Catheter-associated urinary tract infection (CAUTI) is one of the most common kinds of patient harm. One way of introducing bacteria into the urinary tract is by inserting a contaminated indwelling urinary catheter (IUC) due to non-aseptic handling during insertion or during maintenance of the IUC and/or the attached urine collection bag. Another way is to leave the IUC in place. The longer the dwell time the greater the risk of bacteriuria. In Sweden, the recommendations from The National Board of Health and Welfare on IUC-insertion procedure has shifted gradually from requiring sterile catheter to accepting non-sterile catheter over the years. In parallel, various denominations has been introduced for IUC-insertion, one of them called clean/nonsterile technique. In 2012 the European Association for Urology Nurses (EAUN) published a guideline on urethral catheterisation requiring sterile IUC and aseptic technique during procedure. The Swedish national Handbook for Healthcare was inspired by it and revised its recommendations. Though, different hospitals had differing requirements on sterility during IUC-insertion procedure. The overall aim with this thesis was to gain increased knowledge in various aspects on indwelling urinary catheter treatment and its relation to asymptomatic bacteriuria and urinary tract infection.

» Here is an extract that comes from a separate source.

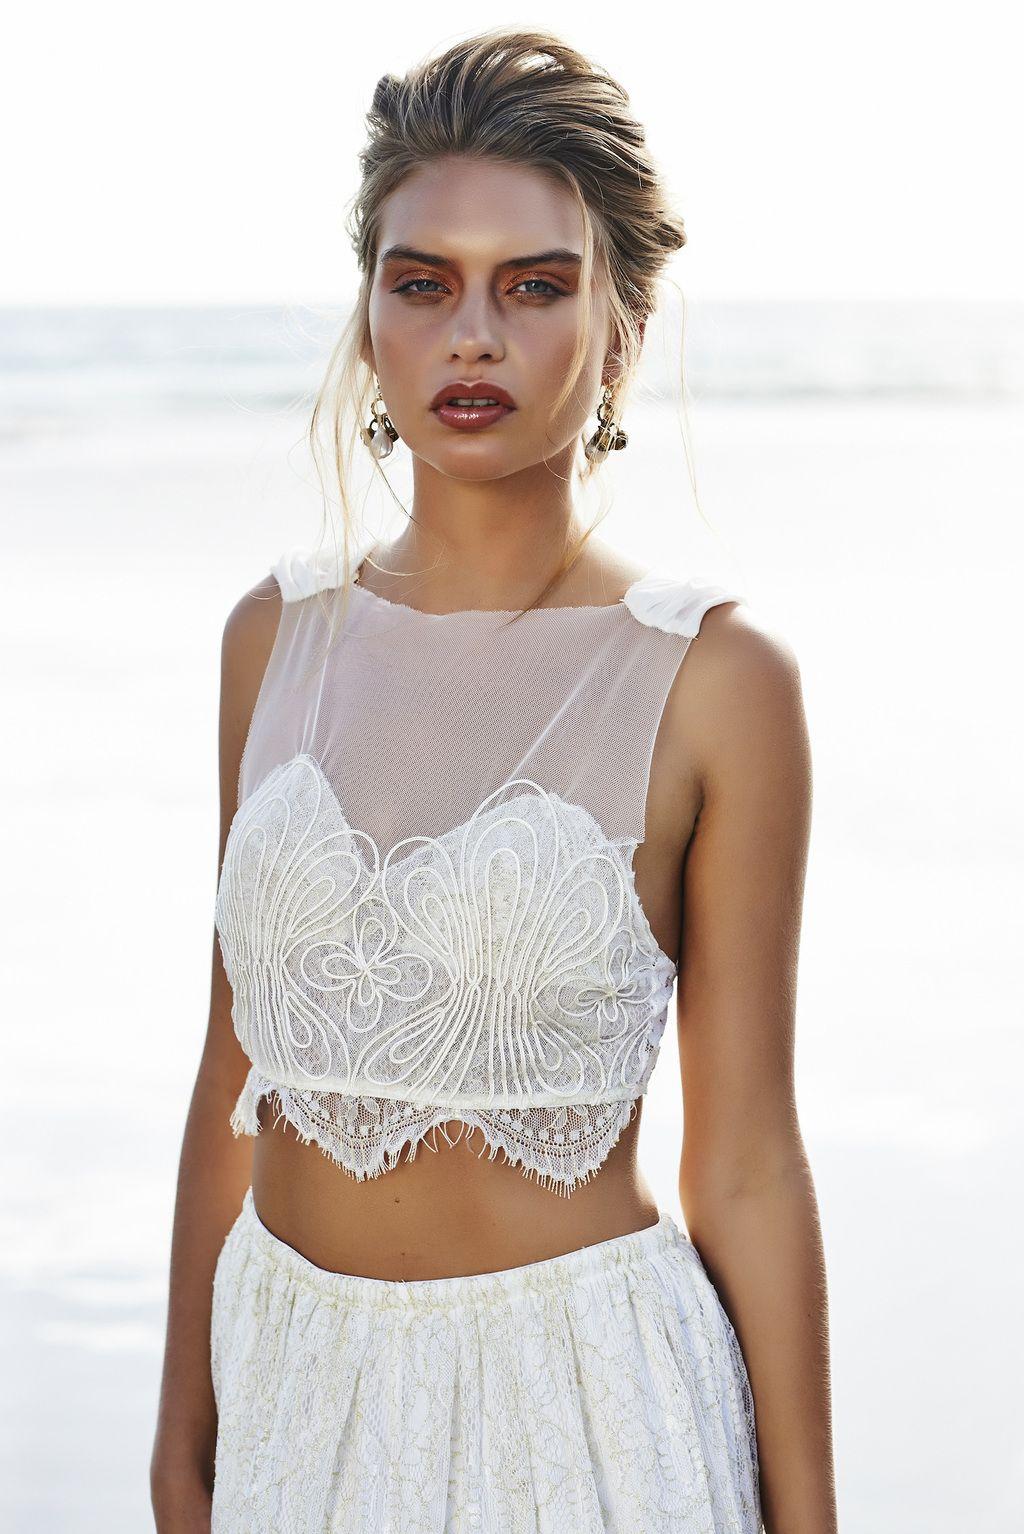 Wedding dresses for a beach wedding  Graceloveslaceavrilweddingdresscloseupfull  wedding

In Study I, a cross-sectional survey, we used a structured questionnaire to explore how registered nurses and assistant nurses from three departments at hospital A described their IUC-insertion procedure in relation to what they called their insertion technique, and whether they followed the hospital guideline for urethral catheterisation. Of 492 included in the study analyses at hospital A, 58% (n=287) said that they followed the hospital guideline. Irrespective of the origin of the denomination used, "clean/non-sterile technique" was used significantly more often by the registered nurses (244/308 vs 104/179, P<0.001) whereas the assistant nurses used the denomination "sterile technique" significantly more often (75/179 vs 64/308) (P<0.001). Overall, 82% considered the catheter should be kept sterile during procedure but only 16% described all the prerequisites to achieve this. Assistant nurses performed IUC-insertion at least twice a week significantly more often than registered nurses (22/179 vs 4/210, P<0.001). Though, this was not an everyday task.

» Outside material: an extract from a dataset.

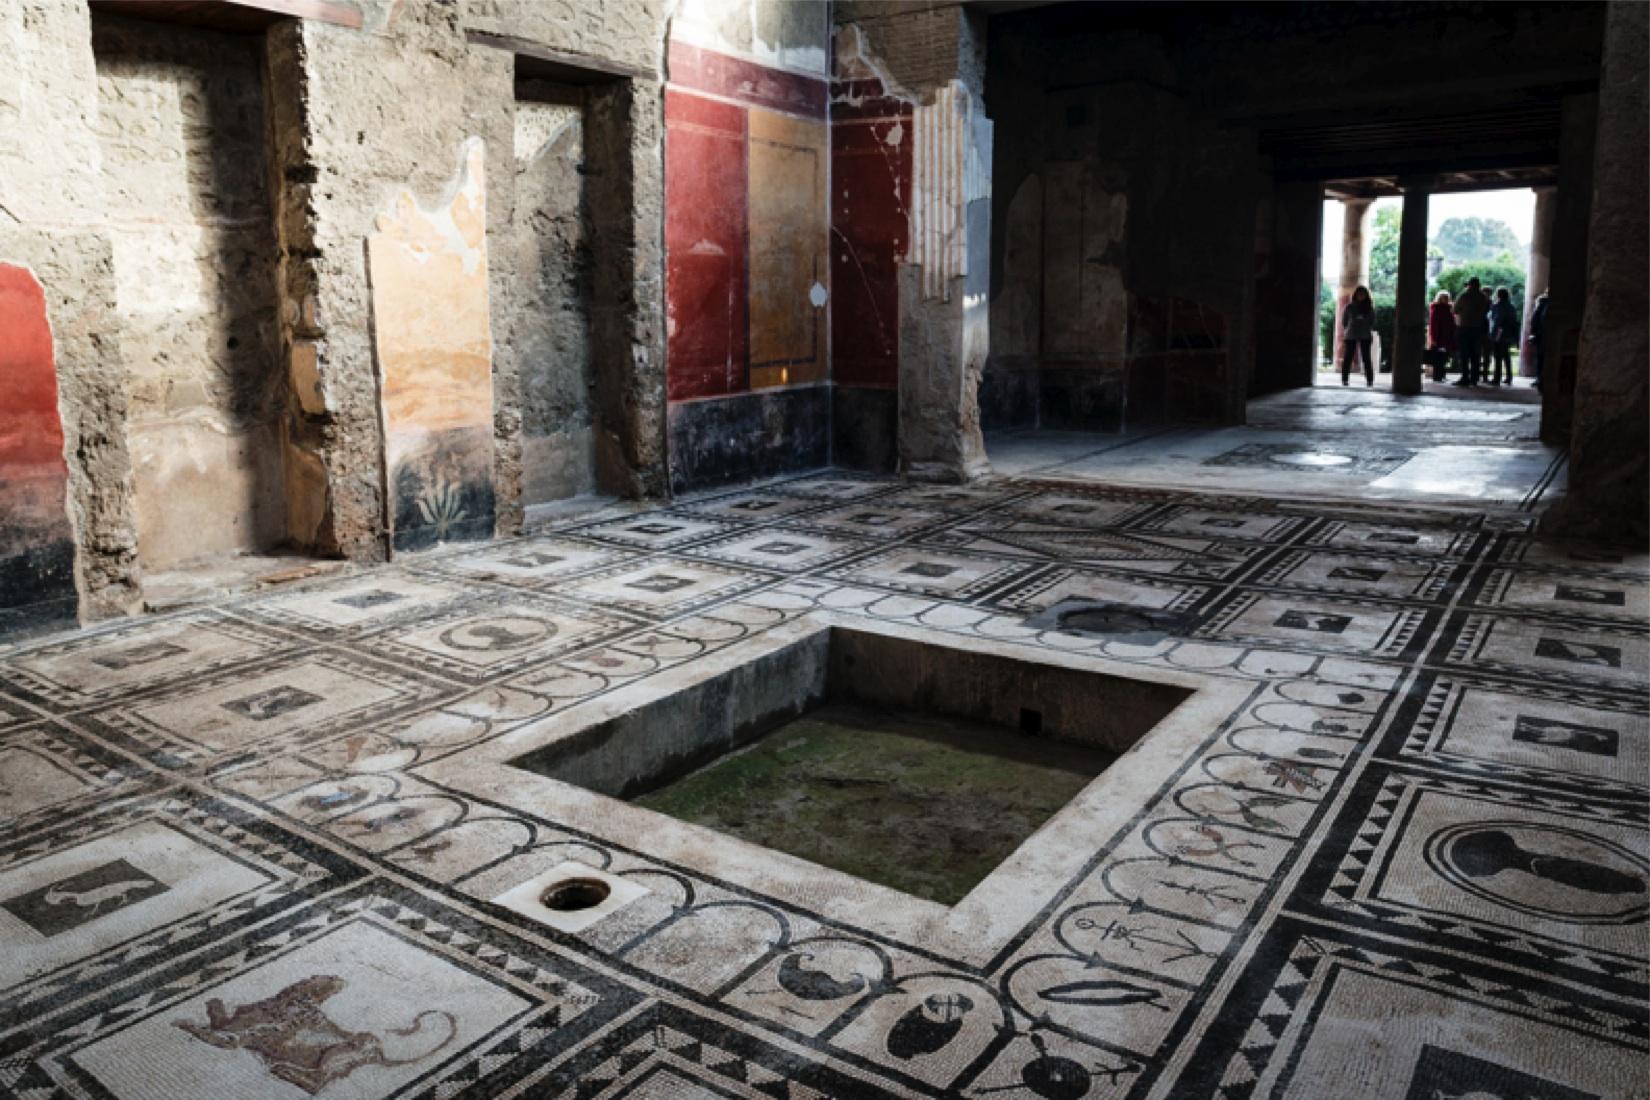 Pavimento mosaico cronache salerno for Mosaico pavimento

In Study II the same questionnaire was used in a cross-sectional survey to compare how registered nurses and assistant nurses from three departments at hospital A and hospital B described their IUC-insertion procedure in relation to the denominations they used for the procedure. A total of 819 participants, 492 from hospital A and 327 from hospital B, were included in the study analyses. Most participants called their IUC-insertion technique "clean/non-sterile". The participants' conformity with all the sterility precautions in the EAUN-guidelines were associated with working at departments of Cardiology and Surgery (OR 2.35, 95% CI 1.69-3.27), use of sterile catheterisation set (OR 2.06, 95% CI 1.42- 2.97), use of sterile drapes for dressing on insertion area (OR 1.91, 95% CI 1.24- 2.96) and using the term "sterile technique" (OR 1.64, 95% CI 1.11-2.43).

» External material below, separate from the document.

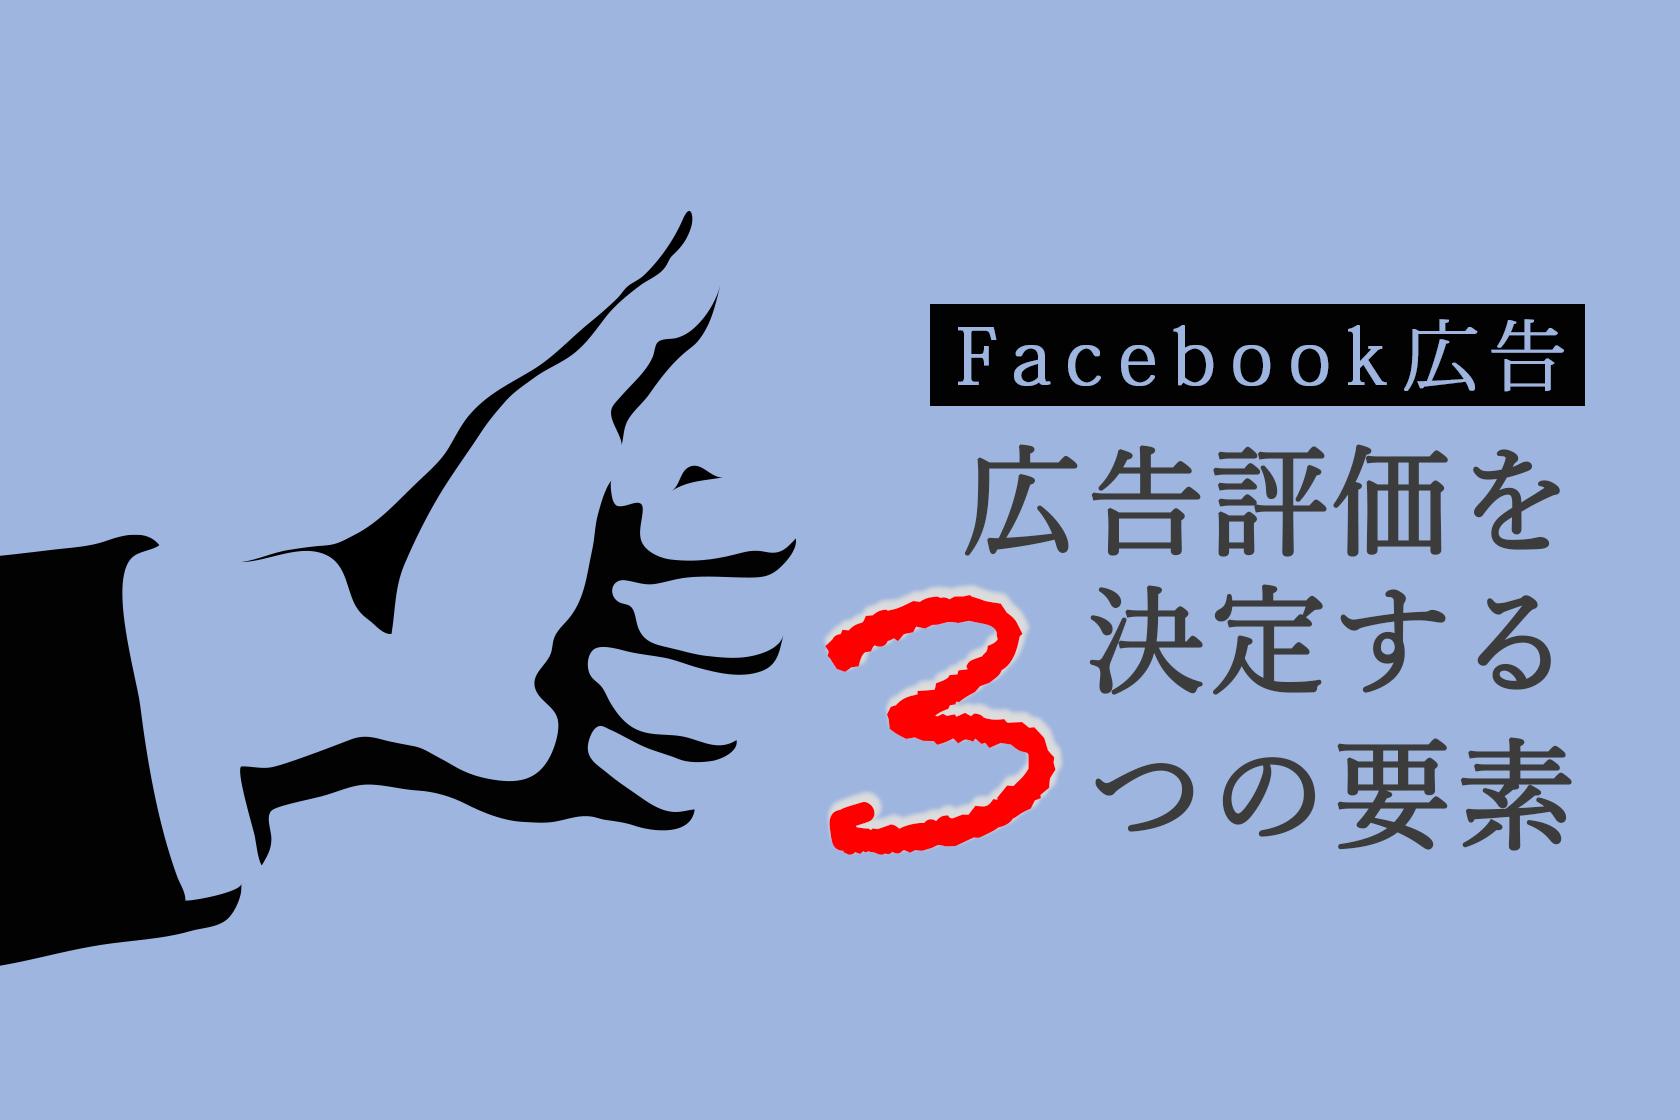 Facebook広告 広告評価を決定する3つの要素

In Study III, an observational study on asymptomatic bacteriuria (ABU) and first urinary tract infection (UTI) event during the remaining inpatient care, 196 asymptomatic geriatric inpatients from two hospitals were included in the analyses. Significantly more ABU was found in patients with a history of catheterisation compared to those without (38/104, 36,5% vs 19/92, 20,7%, P=0.018). History of catheterisation was significantly associated with ABU after adjustment for confounders (OR 2.79, 95% CI 1.31-5.91). Of 124 patients possible to follow up at one of the study sites, five patients received antibiotic treatment for UTI during the remaining hospital stay. All UTI-cases were women, all had had ABU and four of five had had an IUC on admission. Three of five women had diabetes mellitus.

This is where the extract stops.